The Significance of Roman Law for the Development of European Law

by Wolfgang Waldstein[1]

The Roman jurists, quite matter-of-factly, recognized natural law to be an inherent normative order for mankind, recognizable through reason and, thus, applied it in concrete decisions. With this work, the Roman jurists developed a concrete knowledge regarding the practice of natural law, thereby making it a historic reality. Over time, the deviations from natural law, which existed in the old Roman law, were perceived more and more as being unjust. Through countless individual decisions, these were corrected by the Roman jurists, in order to be able to arrive at just decisions. This work by the Roman jurists was conducted over a time period of nearly 500 years, from the 2nd century BC to the 3rd century AD. As was mentioned in the introduction, the results of this work were published in the year 533 AD by Emperor Justinian as one of his codes of law, in a work known as the Digest.
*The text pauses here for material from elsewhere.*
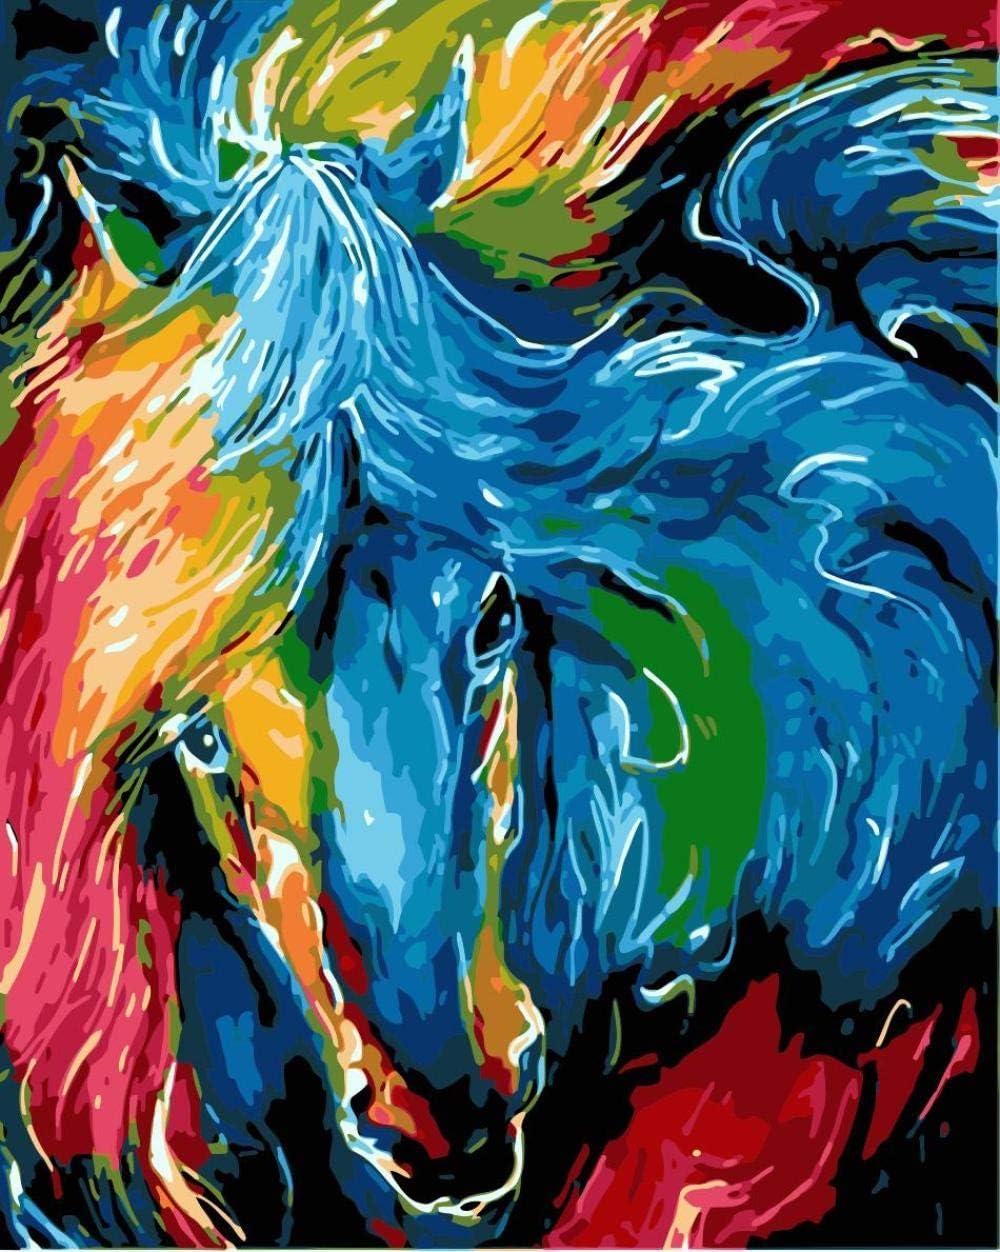 Zhonchng Digital Bricolaje Cabeza De Caballo De Color Pintura Al Óleo Cuadro Por Números En Decoración De Pared De Arte 40 * 50 Cm-Con Marco
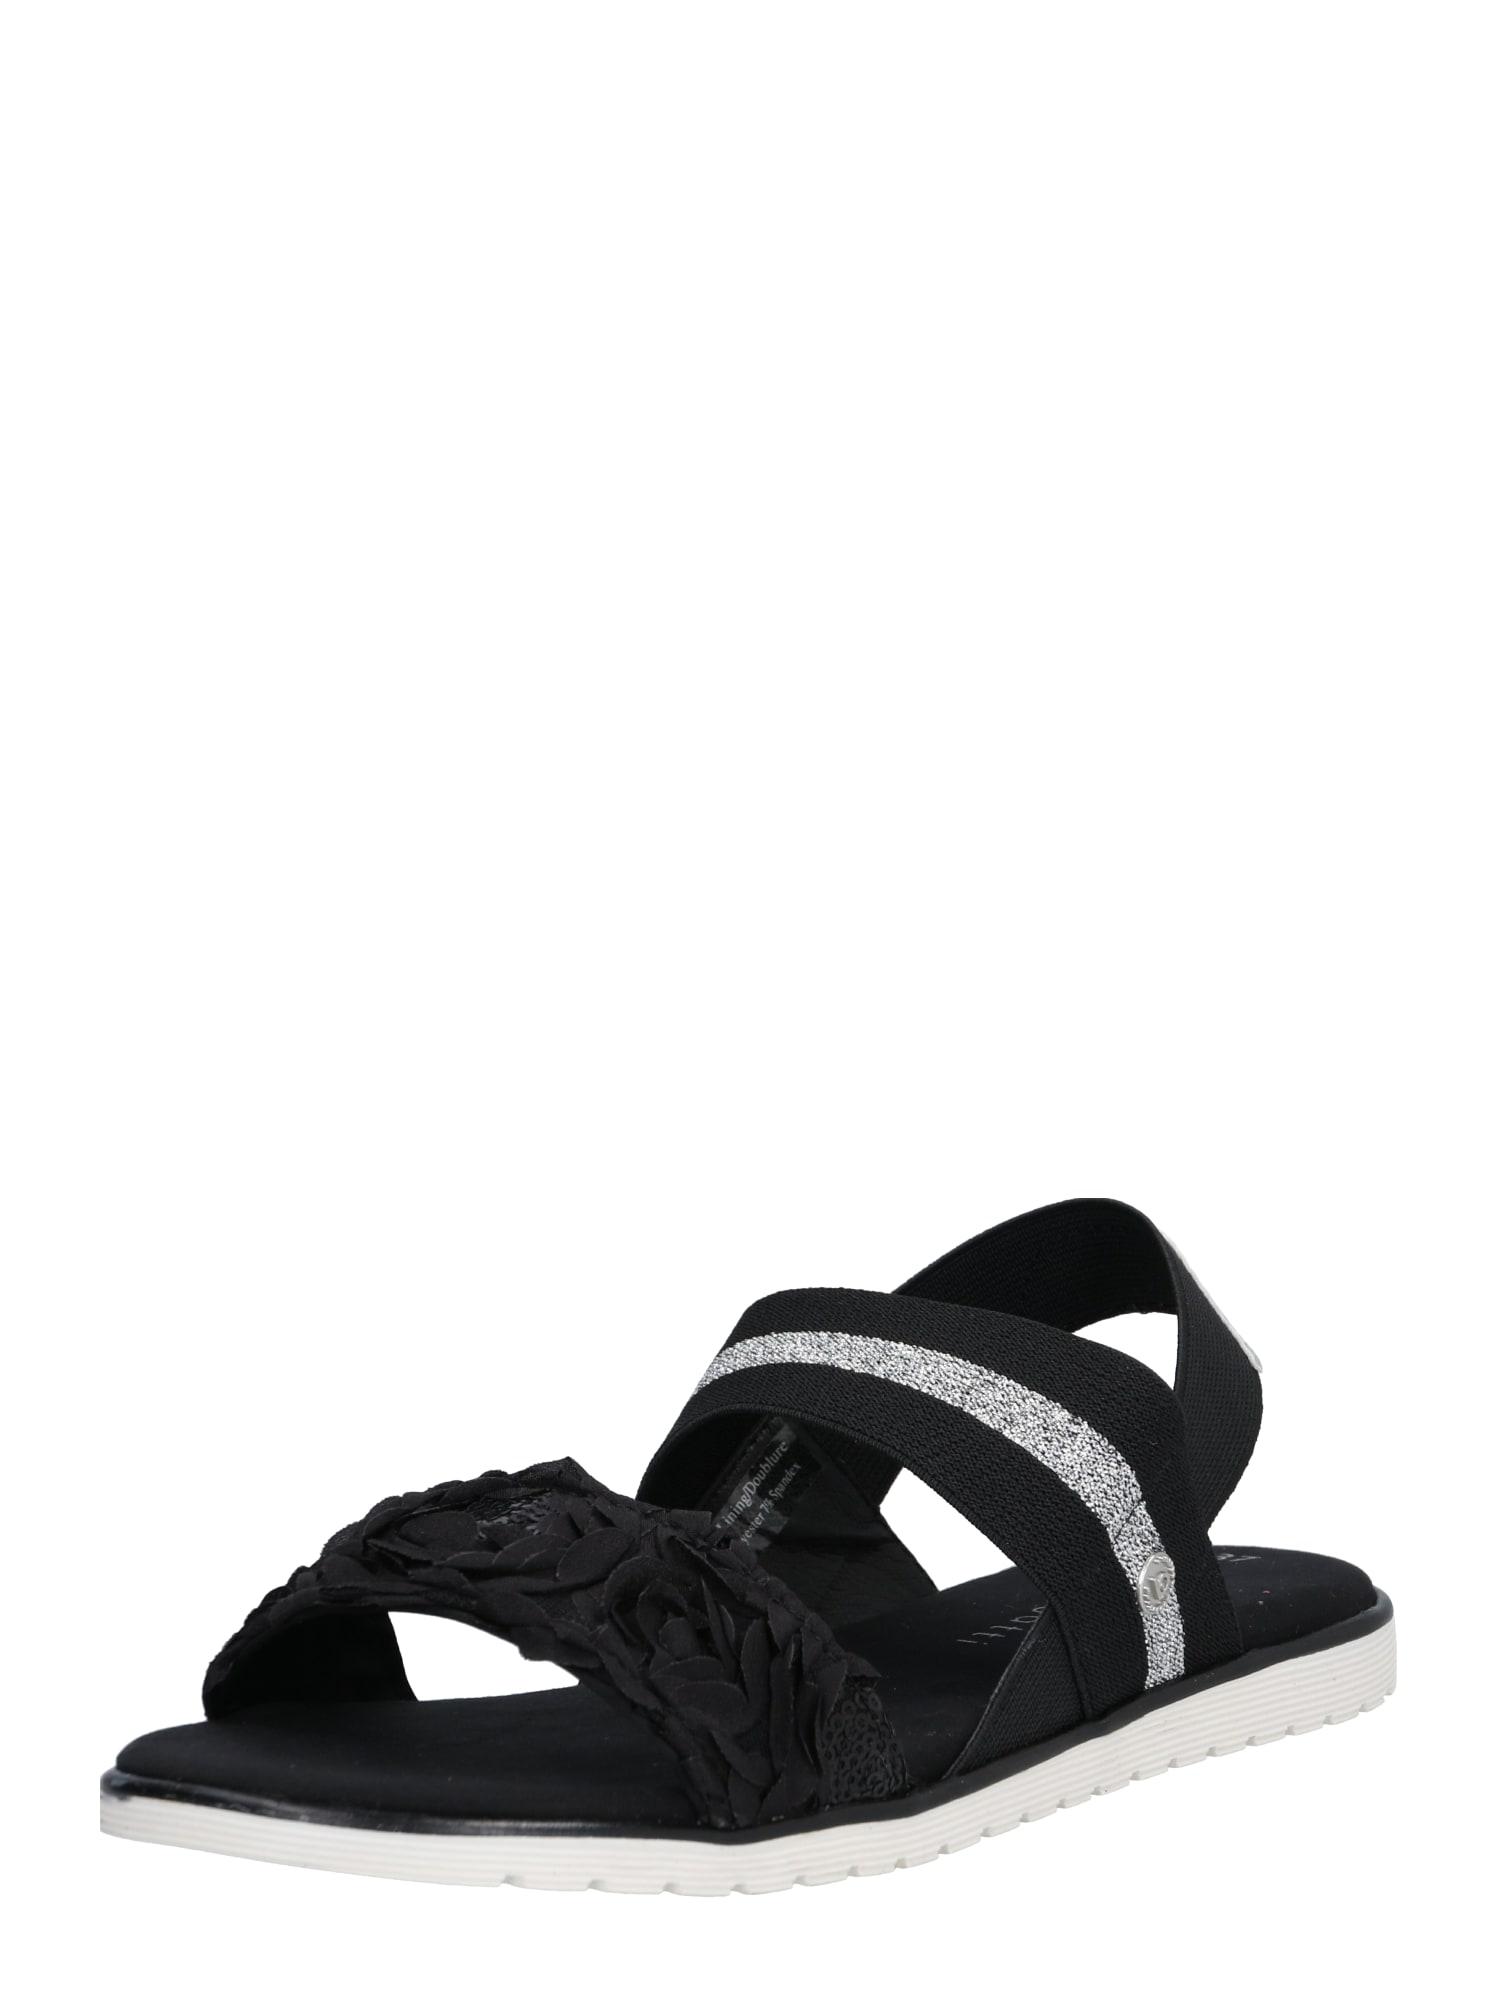 Sandály Joleen černá stříbrná Bugatti

The rediscovery of this work in the Middle Ages and the study of it at the original academy of the artes in Bologna, resulted in this school’s becoming the very first university in Europe. This university then influenced the entire further development of legal culture in Europe. Upon this foundation, the “natural law codes ”, the General Prussian state law of 1794 (AL), the Napoleonic Code of 1804, and the 1811 Civil Code of Austria (ABGB) were created. Based on this, the ABGB, even today, can say in § 16: “Every person has innate rights, already intelligible through reason.”